▸ TASK DESCRIPTION:
In the entries below, which lines run from the one with "Moo Monster & Binance NFT box drop" through the one with "DST302 Duroplex Specificatons - Dryvit"? Repeat exactly those, both included, and no pictures.

▸ INFORMATION GIVEN:
========================================
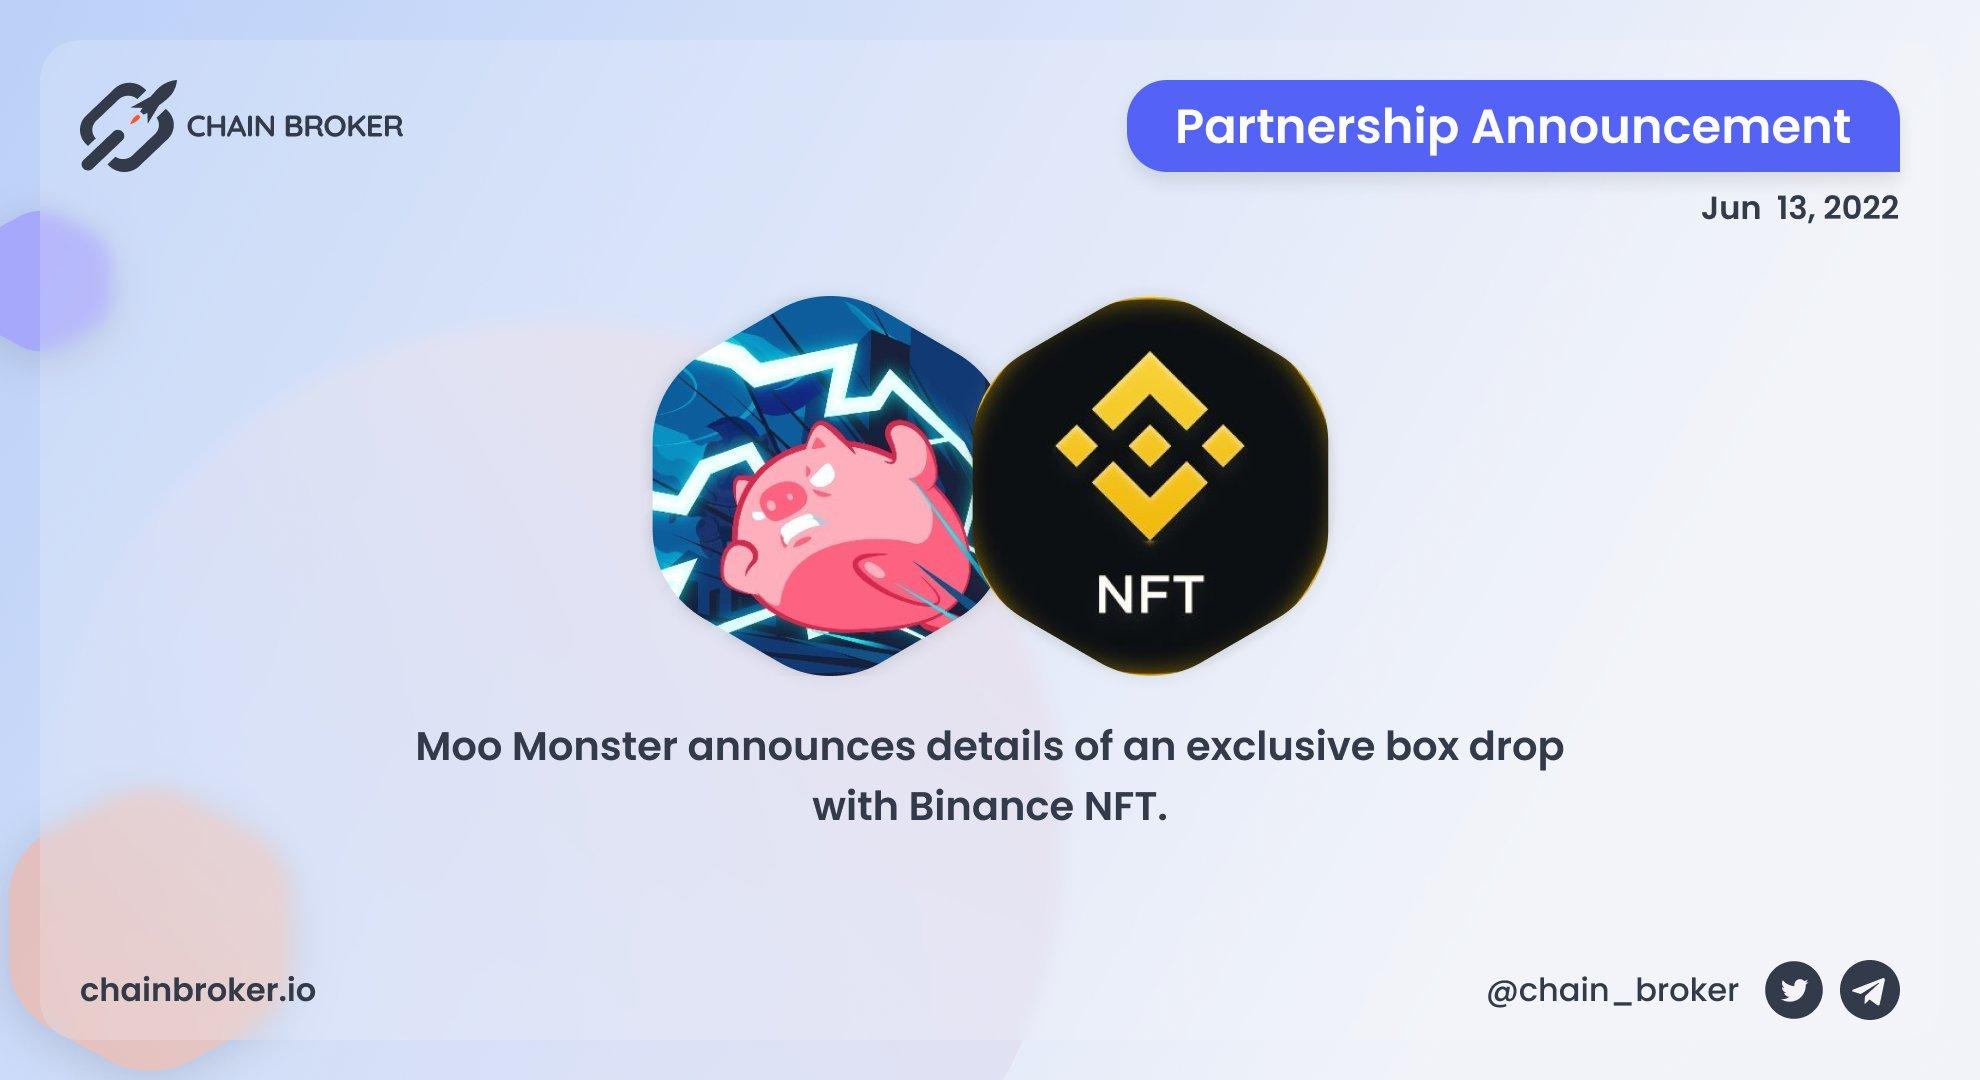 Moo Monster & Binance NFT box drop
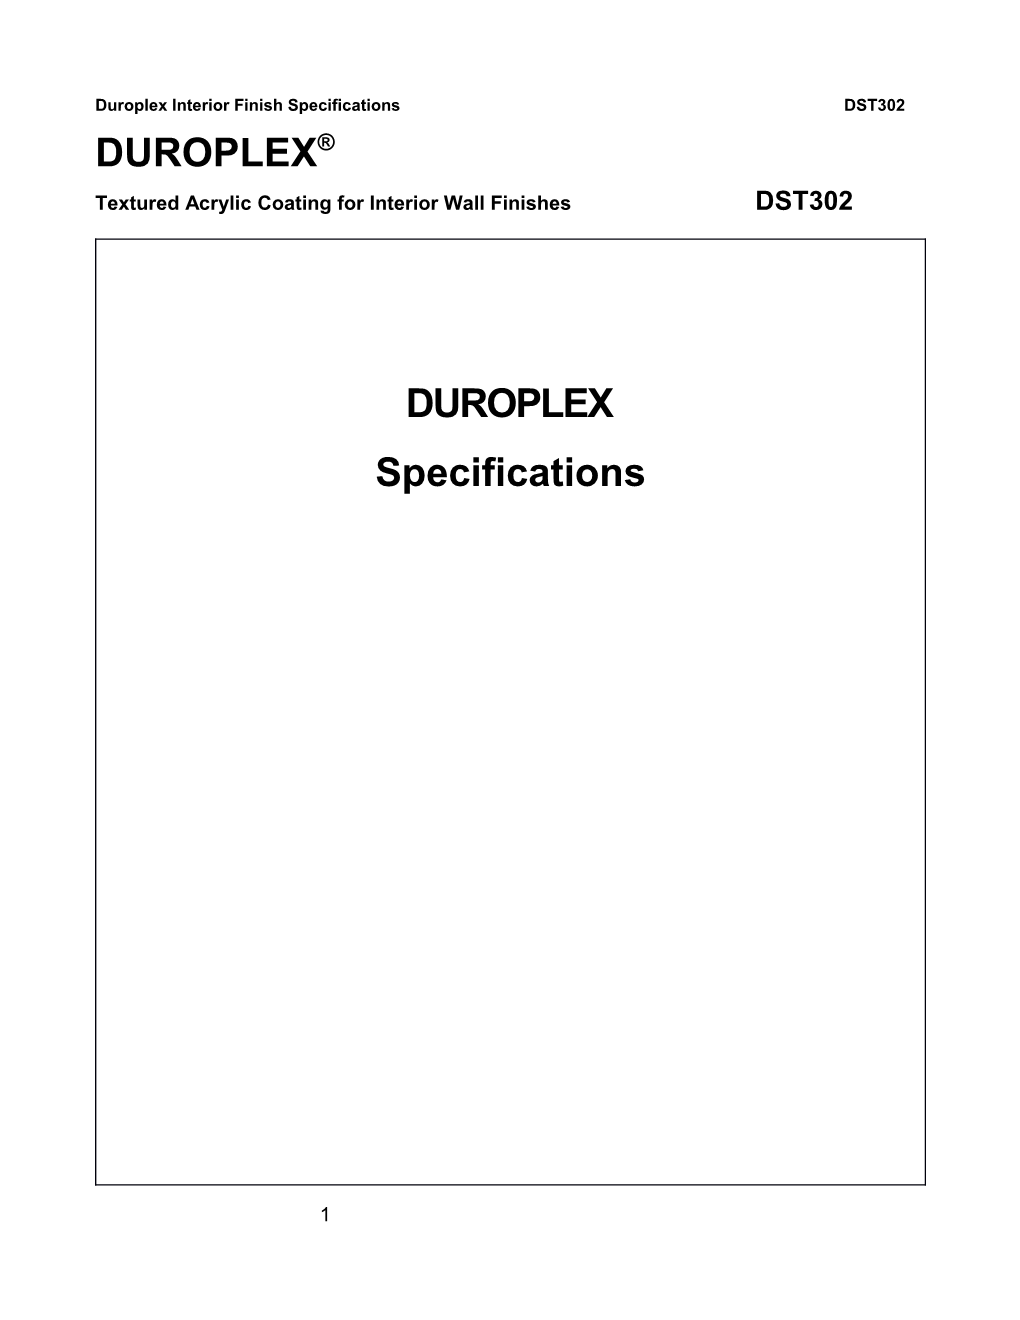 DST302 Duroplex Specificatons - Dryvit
========================================
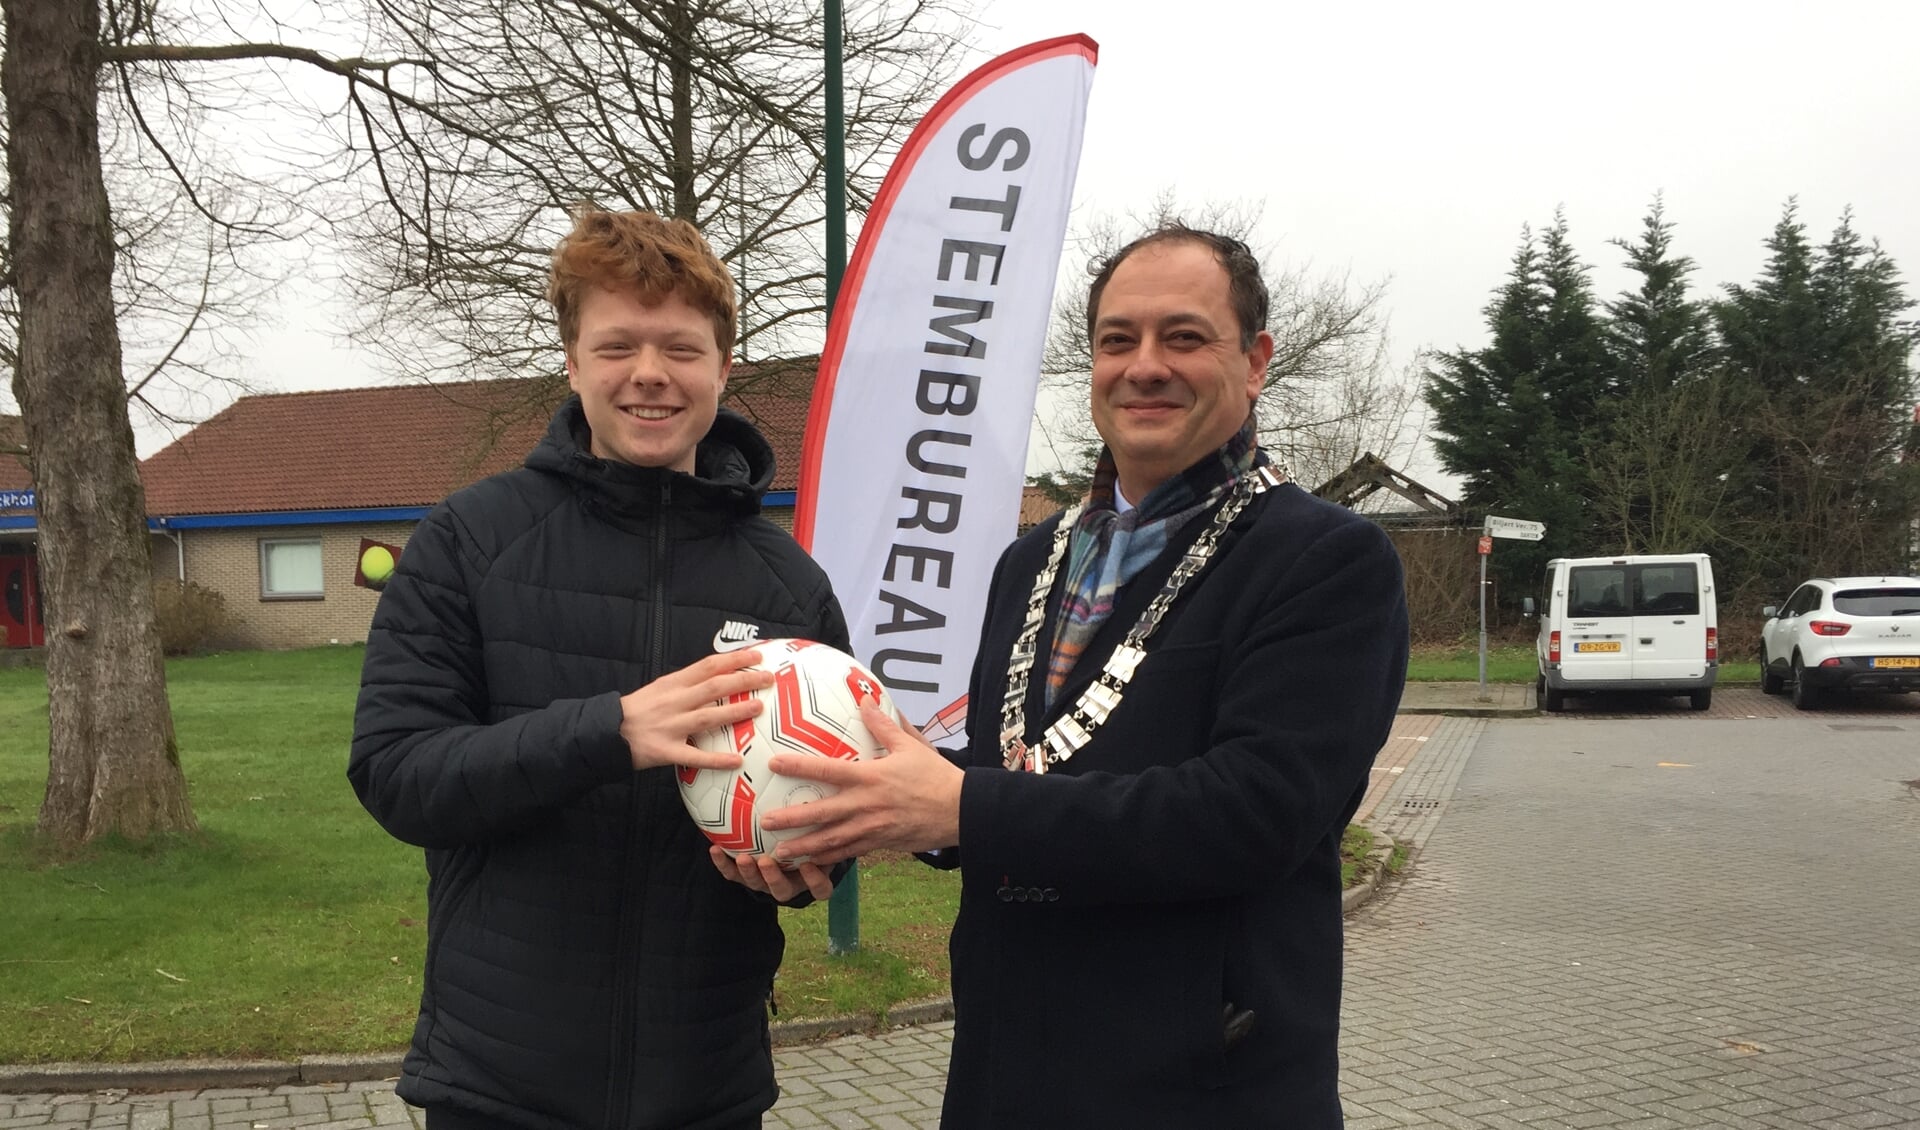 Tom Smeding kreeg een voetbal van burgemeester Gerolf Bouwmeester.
========================================
▸ PROBLEM SOLUTION:
 Moo Monster & Binance NFT box drop
 DST302 Duroplex Specificatons - Dryvit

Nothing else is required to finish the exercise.